This section provides frequently encountered errors related to Pipelines.

Pipeline Failed due to ML Package Issue

A pipeline run is failing due to ML Package issue.

A potential cause for this error can be a wrong minor version chosen when running the pipeline.

Check the section below for more information on how to choose the correct minor version.

Choosing the Correct Minor Version When Running Pipelines

When deploying a new package, the only minor version available is 0. The reason for this is because there are no pipelines executed on this package yet.

Training pipelines

If you are deploying a training pipeline, we strongly recommend you always use minor version 0.

Full pipelines

If you are deploying a full pipeline, we strongly recommend you always use minor version 0.

Evaluation pipelines

Evaluation pipelines are used to evaluate a trained ML model. You can execute this on any version of the ML Package to get the corresponding evaluation scores. This is similar with grading or evaluating an ML model with the evaluation dataset.

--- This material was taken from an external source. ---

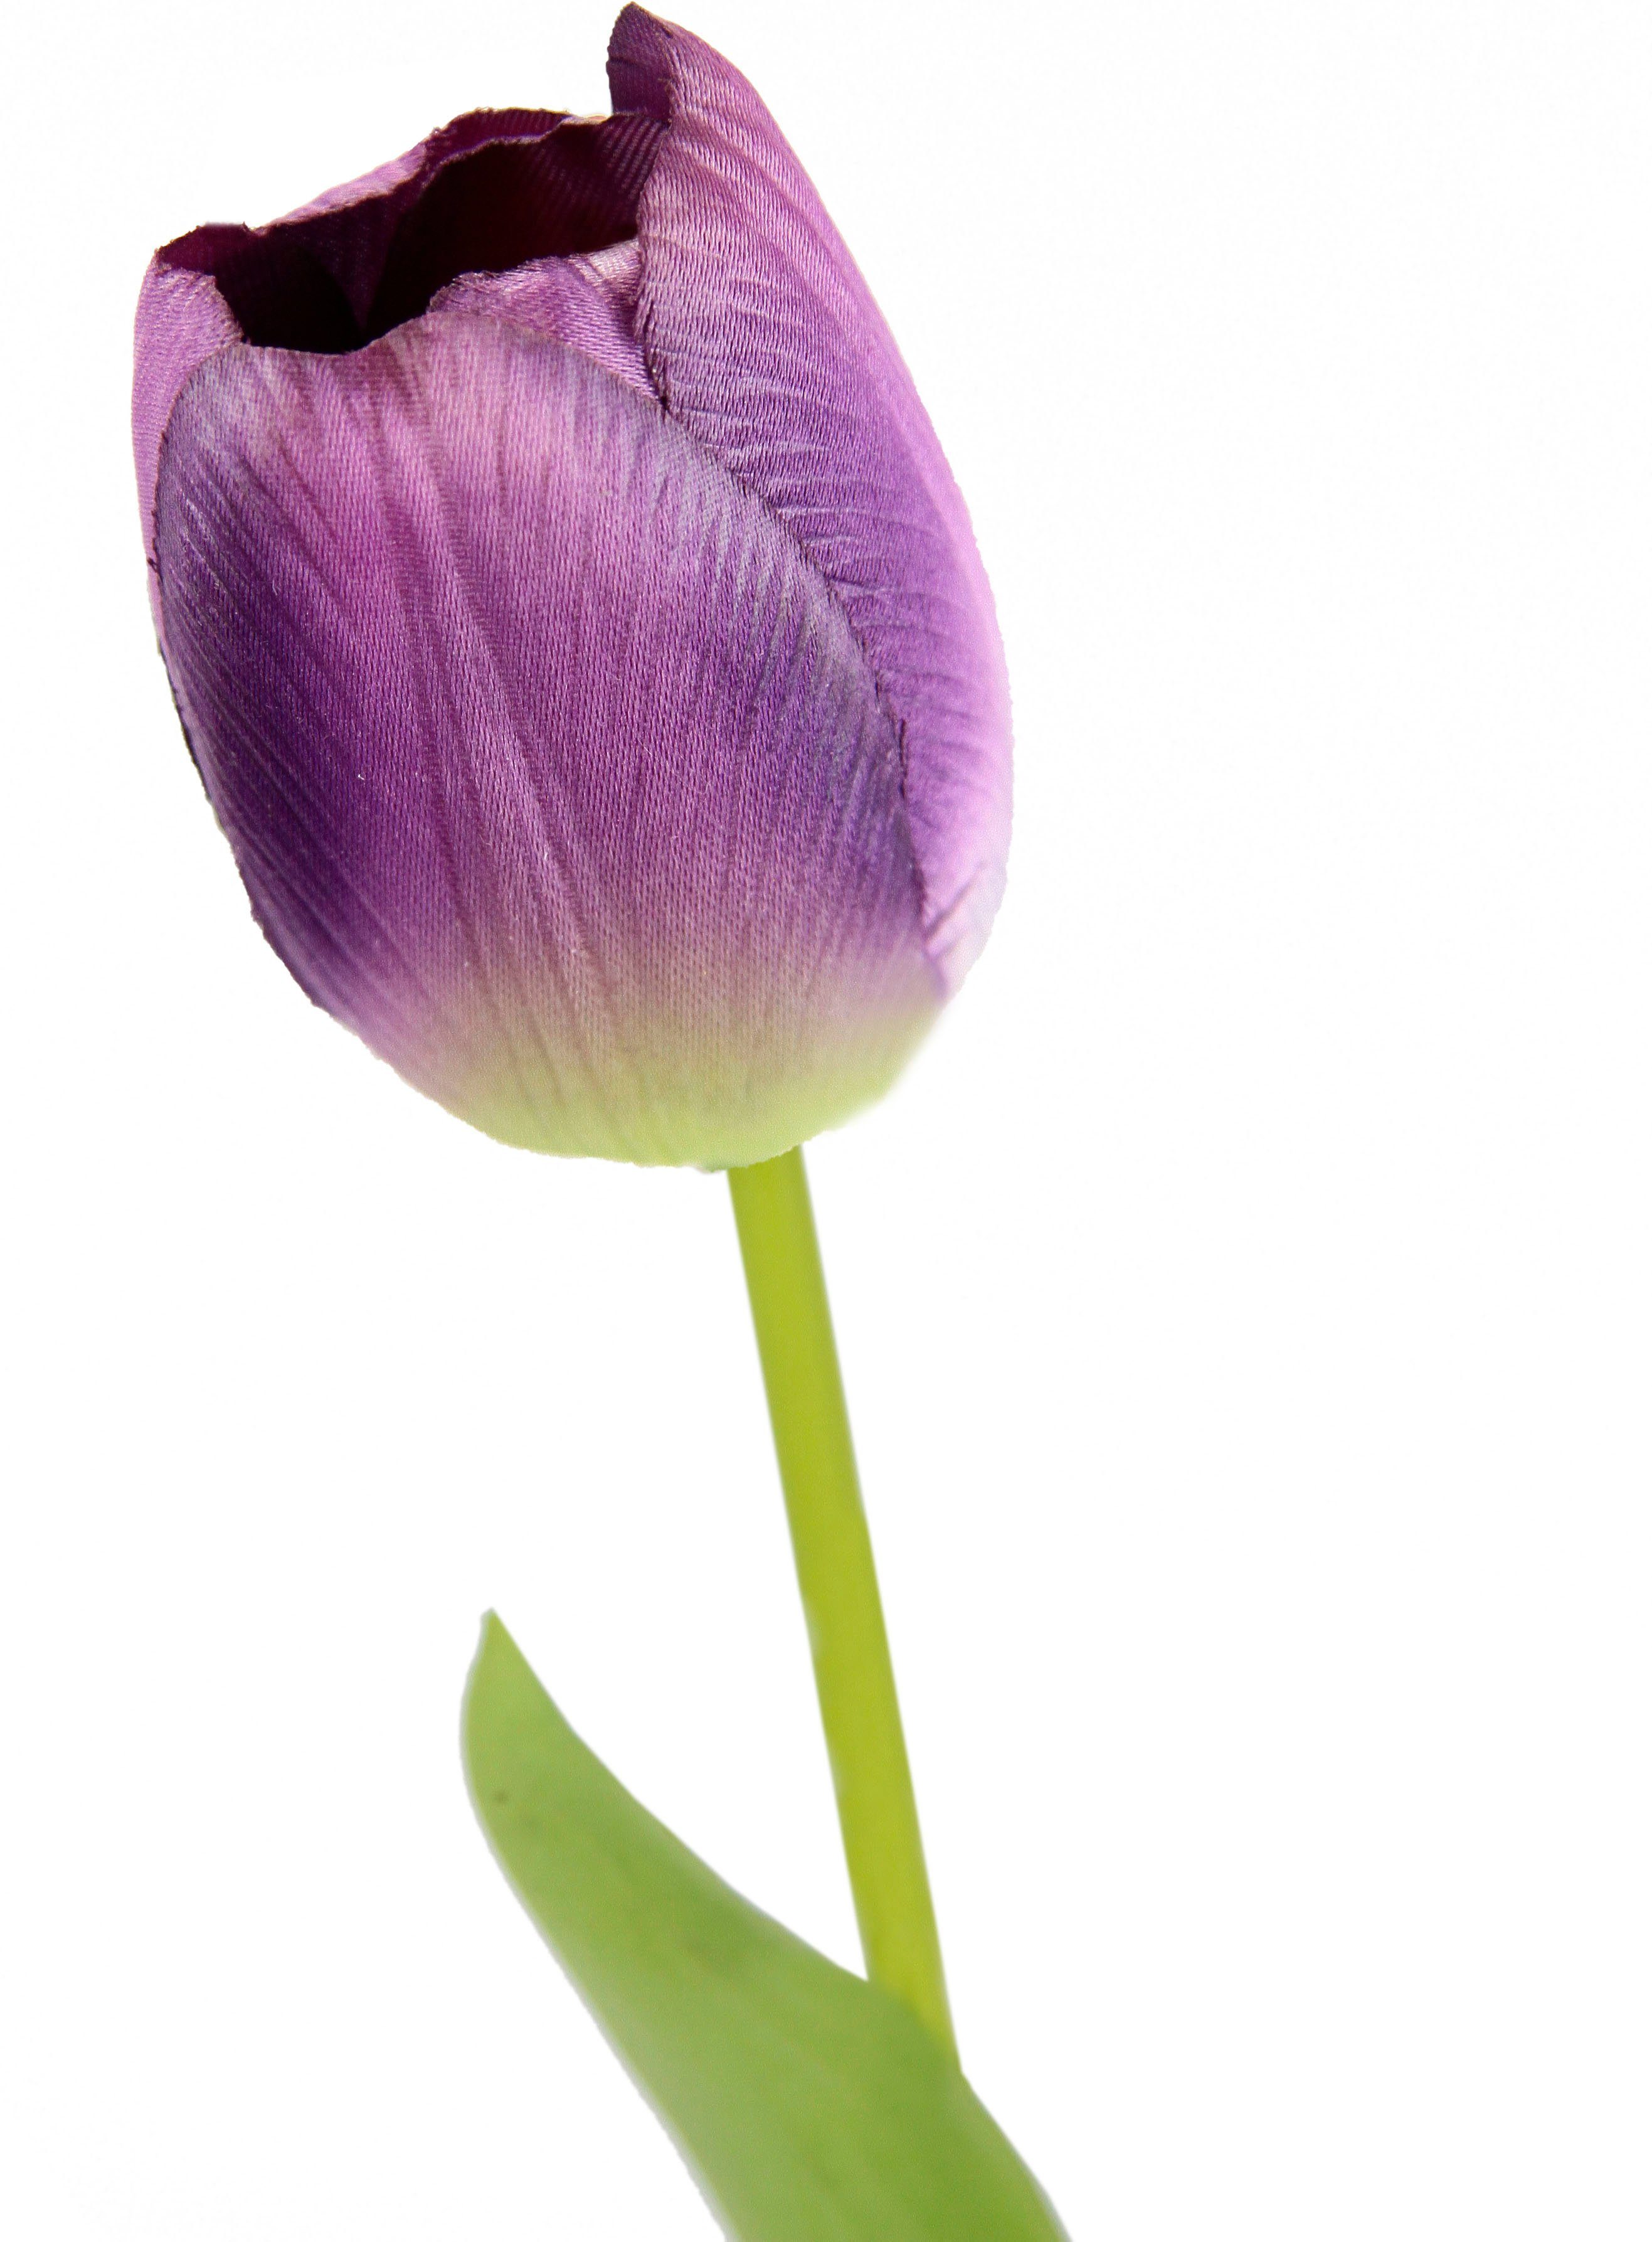 Kunstblume Real Touch Tulpen, I.GE.A., Set Höhe Kunstblumen, künstliche Tulpenknospen, Stielblume 5er cm, violett 67

Note: Choosing a minor version depends on the kind of package the evaulation pipeline is being run on. Because of this, special attention is needed when choosing the minor version. Make sure to choose the version that you want to evaluate.
For example, the types of packages that are available are pre-trained out of the box packages and untrained Document Understanding models:
  • Pre-trained packages (out of the box packages): since these packages are pre-trained, run the evaluation pipeline on the minor version 0. To evaluate the model after training using specific data, choose the minor version you want to evaluate (trained version).
  • Document Understanding:
    • Since these are generic, retrainable models, the models need to be trained first. Only run an evaluation pipeline when the models are trained and a new minor version of the package is available.
    • Select the most recent minor version, or any other minor version (except 0), for which the evaluation scores can be obtained.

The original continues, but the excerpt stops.